# Speed Up Your Older Merc Hymer



## wub (Mar 16, 2011)

If you have a older merc hymer with steel tank and you want some more power, try the very simple, very cheap fix of changing the in line fuel filter on top of the tank. 

I did through advice of the ex mechanic of the Turbo fitting people when i asked why my hymer felt so slugish. It was clogged solid and it was changed less than 10 months before! I felt i huge difference, but when i clogged 3 filters in 6 months, (I used the clear type, about £5 each, so i could see if it was getting blocked) i decided to drop the tank and give it a real good flush through, and loads of diesel gunk came out, i ssuppose20 years build up. 

So its cheap, its easy, and worth doing just to see. 

And any one interested in getting higher cruising speed from these merc hymers, get in touch. I changed my manual gearbox for the overdrive version, (first 2 gears are the same, last 3 gears are longer,) giving 12 to 15 miles on the top end speed, which means your engine is no longer reving its n..s off at 60MPH! I cruise along nicely at 60 to 70 MPH. 

I think some of the earlier hymer 660, 700 etc had the lower range box, and then when the overdrive box came out it was fitted to some later models, which my explain why some hymer 660 \ 700 owners cant work out what all the fuss is about when others ccomplainof very low, bearable, cruising speeds. 

Again fairly easy job for a garage as there loads of room around the gearbox, and they are around if you know what to look for.


----------



## funkyronster (May 1, 2005)

*New gearbox fitted today!!*

Thanks for your (and others) post about gearbox.

I just swapped my box today for the low ratio box. Paid £200 exchange unit from a very helpful Merc breaker down in Plymouth, who explained the difference.

Only had a short drive, but it's a totally different van now - can barely maintain 30mph in 5th - 4th feels like 5th used to be.....can't wait to get on the M6!

Looking for some 609 wheels .........

Didn't know there was a fuel filter on the main tank, mine must be foul! How do you get at it?

Ron


----------



## veevee (Nov 6, 2011)

Just changed the neoprane fuel hoses connected to the tank sender unit (these were original but the crimp clip s no longer held the hoses tight), didn't see a filter though. 

There is a strainer inside the tank on the fuel pick up pipe I believe, plus an inline pre fuel-filter filter situated on the LH side about where the engine and gearbox mate, and of course the main fuel fiter, but nothing on top of the tank.

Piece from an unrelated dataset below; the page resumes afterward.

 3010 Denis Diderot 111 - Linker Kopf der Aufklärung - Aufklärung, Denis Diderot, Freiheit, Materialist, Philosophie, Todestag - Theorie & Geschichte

Ours is mainly original as although 20 years old has only 68,000 kms on it, so still has most of the original yellow painted check marks all over from when it was built.

Think that good exhaust boxes are important, the construction and internal design do vary wildly. Also over time the silencing material will clog up bit by bit, that's carbon and rust particals.

Ron, have recently bought a drive belt from a French Mercedes dealer, came out at just under 34 euros which at current exchange rates makes it cheap than UK eBay for pattern belts.

Had a couple of gearbox parts bought for me in Germany by a friend, even with post these were about 25% cheaper than that quoted by Mercedes UK.

Also bought a few parts in France for our Ducato works van and they were definately cheaper than the UK. 

Maybe it's best to order parts outside of the UK and fit them / have them fitted in the UK?


----------



## wub (Mar 16, 2011)

Glad the gearbox worked out well, the difference is amazing is'nt it?

I was advised by my local old Merc van man, he's been working on merc trucks, van and campers for years, to take the intank stainer out of the fuel tank and throw it away, as its a real pain to get at it to see if its blocked, 

You have to drop the tank down slightly if its a long range tank, by undoing the 4 bolts holding the tank up and balancing the tank on a trolley jack, lowering down about 6 inchs, so there is enough room to lift the fuel pickup \ stainer unit out of the top of the tank. Made sure it nearly empty before you do this as it can get very messy if it slips off! 

Replace this strainer, with a clear inline filter on top of the tank, in the fuel line, where its easily seen and swapped. 

I have done this and check mine after every long trip, just to see how much dirt is in it. And if it looks clogged, its just the matter of undoing 2 x jubilee clips, and replacing it. They cost about £5 each and they are finer than the inline strainer, so keep the main fuel filter by the engine, cleaner for longer. Make sure you get one big enough, so you don't restrict the fuel flow. 

I guess your inline filter is the one by the gearbox you mentioned, but i like it on top of the tank as that is where my fold down step is, so when its down i have a clear view of the top of the tank and the filter. Might be different for other types of hymer? 

I was told that as these tanks get older the coating they had inside starts to breakdown and come off, which is why even after a good clean out of my tank, i still get quite a lot of bits in the filter. 

Talking of exhausts, they are quite a short system on the merc 410 hymers and only one silencer. So I recently went to a stainless steel exhaust specialist and had a system made up for £175. Which considering its going to last for a long long time and no more wasted time trying to find a exhaust and then a place that can get the camper in to fit it, is excellent value i thought. 

The only S\S exhaust place i could find locally was a bit of a boy \ man racer place, so i had to tell him i defiantly wanted a very quite exhaust! And large enough bore, not to restict flow, but give them their due, they did an excellent job, and made a lovely crafted exhaust system.


----------